Introduction to the Basics of XML

Notes from a lecture I gave on what is XML circa 2000. The discussion on DTD is still valid, but superseded by xml schemas.

  1. Pedantic Overview

    What we will learn today:

    1. Why use XML?

    2. What is a tag?

    3. What is an element?

    4. What does it mean that an XML document is "well formed"?

    5. What does it mean that an XML document is "valid"?

    Disclaimer: These lessons are streamlined to teach how to read and write XML files. The real definition of XML is at http://www.w3.org/TR/REC-xml

  2. Introduction

    XML is an acronym for "eXtensible Markup Language". XML has many advantages over other data formats:

    1. Error checking is done automatically

    2. Data can be shared by many different programs

    3. Extensive programming libraries are available for free

    4. Microsoft is making it the foundation of ".NYET". (Speaker at XMLOne: "If you cut someone at Microsoft, they bleed XML").

  3. Naming

    Names of the basic building blocks of XML, elements and attributes, are restricted by the following rules:

    1. Must be composed only of letters (upper and lower case), numbers, hyphens(-), underscores(_), colons(:),and periods(.)
    2. Must start with a letter, '_', or ':'
    3. Cannot begin with "XML" (lower or uppercase or any combination)
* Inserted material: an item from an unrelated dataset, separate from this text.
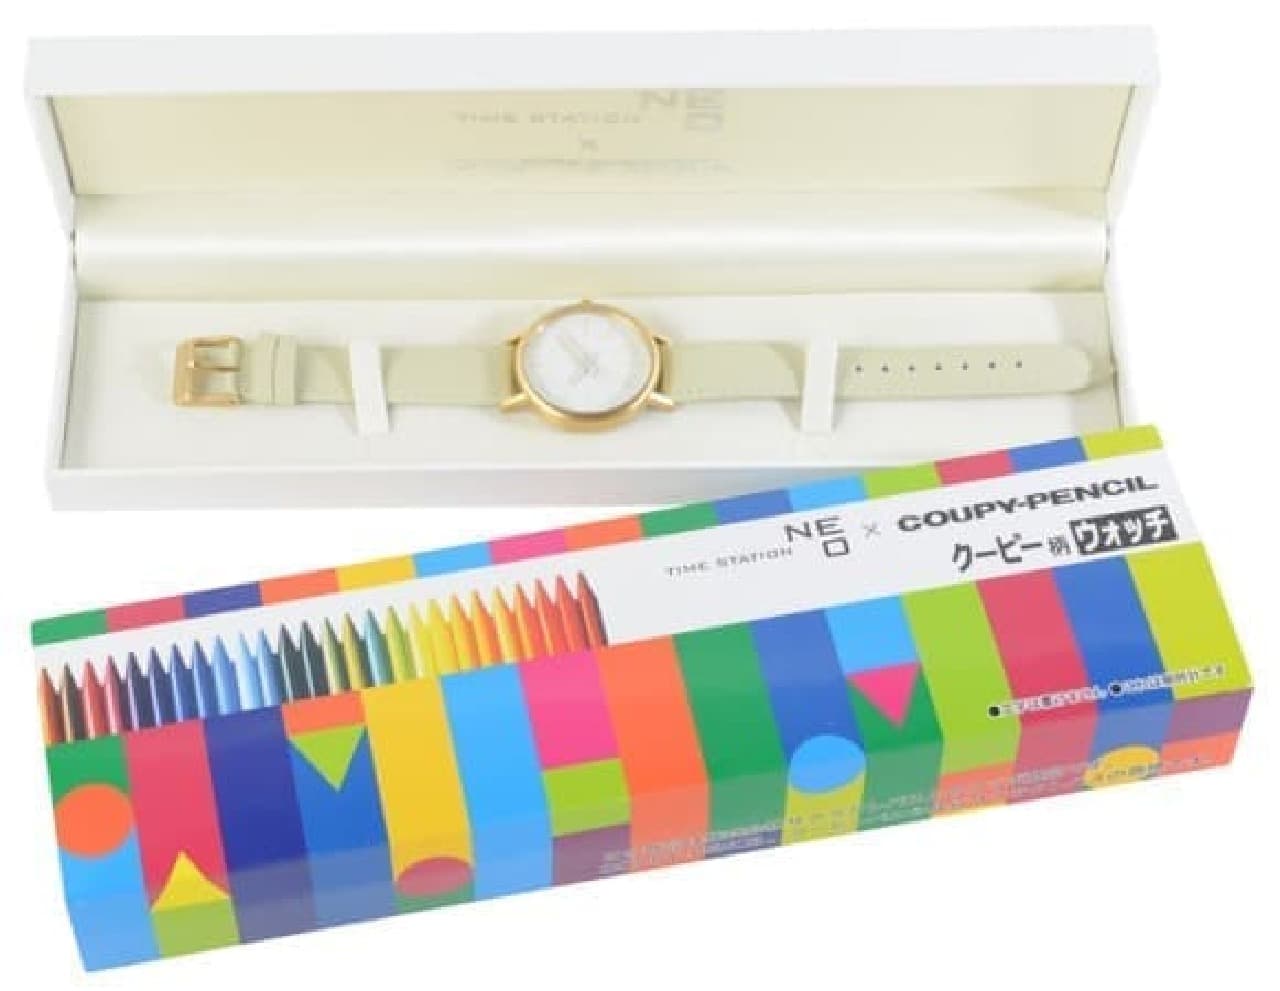 Sakura Color Products x Time Station NEO "Coupy Pattern Watch"

    (Although not formally required, colons are used for namespaces)

    Quiz - which are good names?:
    1. survey1
    2. red car
    3. stoplight4_1
    4. -go
    5. go!
    6. _go
    7. 4me
  4. Start Tags

    A start "Tag" is a name that is prepended with a "<" and appended with ">". For example the paragraph tag, "<p>".
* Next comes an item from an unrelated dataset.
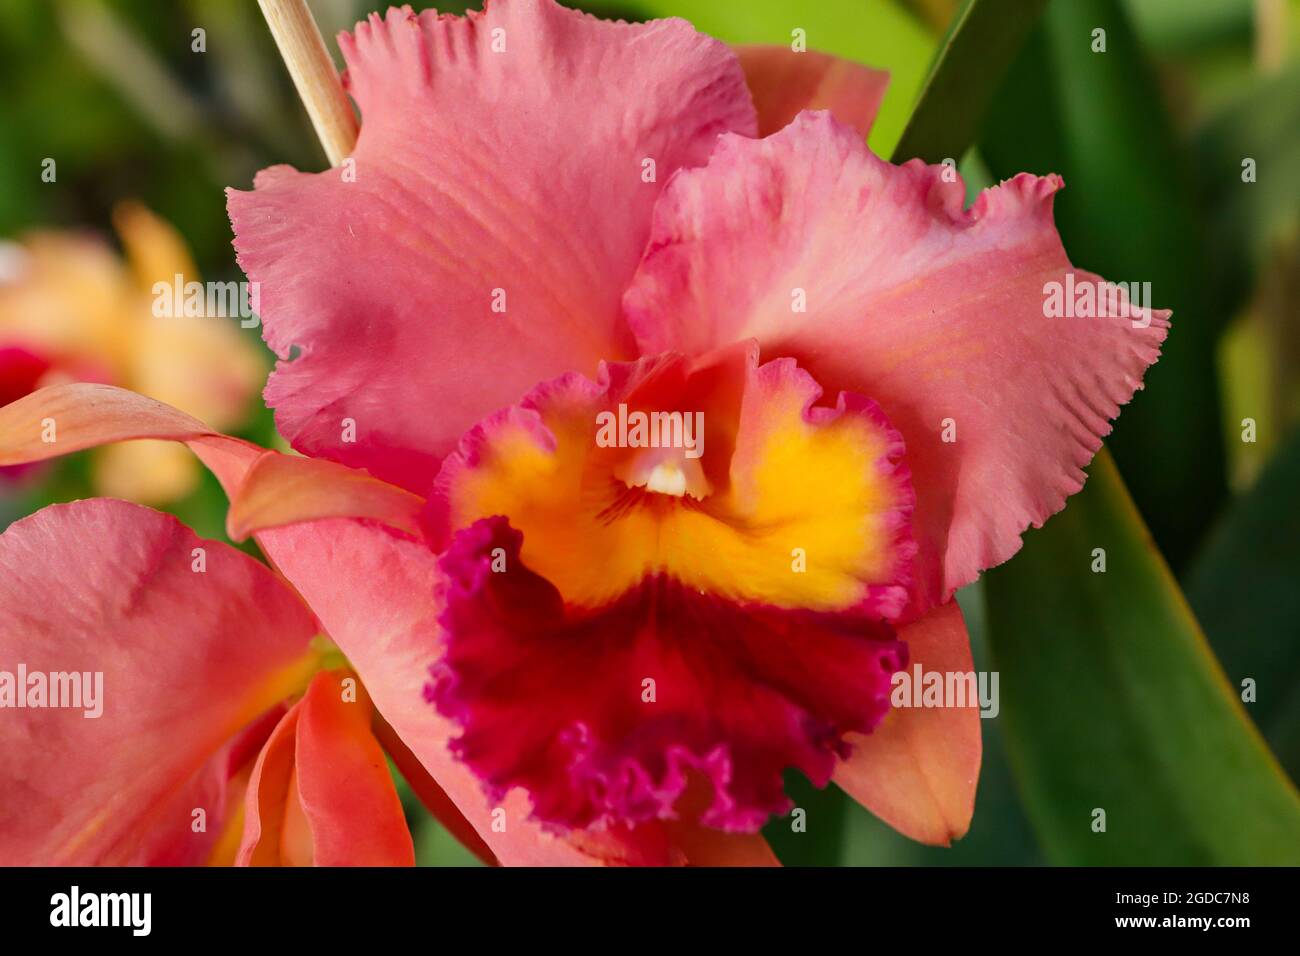 Blc George King orchid flower with center focus and rest of image blurred Stock Photo

    Note: Tags are case sensitive. <House> is different from <house> or <housE>

    Quiz - which are nice start tags?:
    1. <car>
    2. <Car>
    3. >Car<
    4. <caR>
    5. <test one>
    6. <test_2>
    7. <test3
  5. End Tags

    An end "Tag" is a name that is prepended with a "</" and appended with ">". For example the paragraph end tag, "</p>".

    Quiz - which are nice end tags?:
    1. </car>
    2. <Car/>
    3. >Car<
  6. Elements

    Elements have a start tag, optional content, and an end tag. The end tag is the same as the start except it's prepended with a "/". e.g.,

    <p> I'm an element</p>
    <car>...content...</car>

    In common usage "tag" and "element" are often interchanged, although technically an element is composed of a start tag, content, and an end tag.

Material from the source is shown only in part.